Tech Ed, End of Day 1

I did a couple of virtualization seminars today and am intrigued. I
was considering moving entirely away from MS and over to VMWare’s ESX
with Virtual Center (as well as VCB, HA, etc) but would like to spend
some time with the new MS virtualization platform.

In another post, I think I mentioned that MS figures the VMWare
solution to be about $60K for a full software roll out for five hosts
— hardware not included, of course — while the Microsoft
Virtualization software would run about $20K. Substantially less, but
I don’t know yet if it would be optimal.

No doubt VMWare will be lowering their prices to stay completive with
Microsoft.

The MS virtualization concept consists, of course, of virtualizing
servers, which we already have started doing. They also have begun
promoting application virtualization as well as presentation, desktop,
and profile v.

For profiles, think: Roaming Profiles, but without all of the space
requirements.
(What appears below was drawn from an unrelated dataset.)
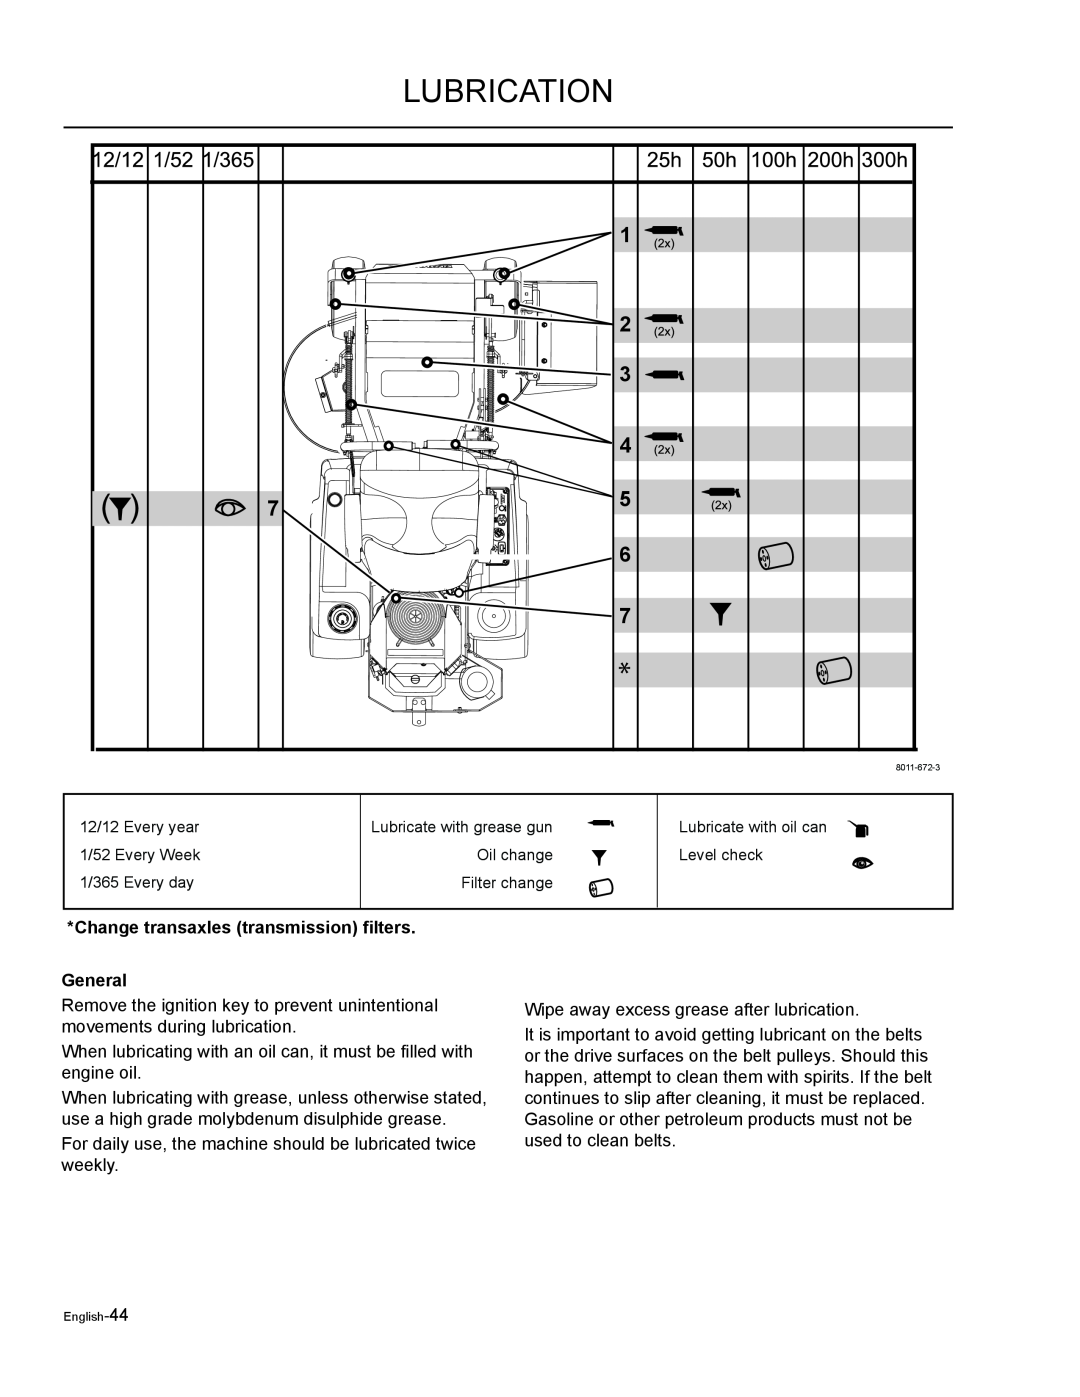 Husqvarna EZF 3417/ 965879301 manual Lubrication, Change transaxles transmission filters, General

Rather, with the MS profile virtualization, you gather
the users’ settings, personalizations, etc, then replicate those
server-side whenever they’re connected to the network. If they should
lose their physical machine, you can give them a new one and all of
their settings from their last sync are automatically imported. If
you add application virtualization for those users with desktop
computers (or for apps that you want to stay on the LAN — be it
physically or through VPN) there will be nearly zero downtime for the
user.

I’m liking that and I’m not even on the corp admin team.

I still haven’t seen anything that would make patch management, or
updates any easier than GFI. Actually, haven’t found anything for that
at all, so we may be stuck with GFI. On the plus side, when it works,
it does very well — we’ve just been having some stability issues with
it not finishing scans of our domains.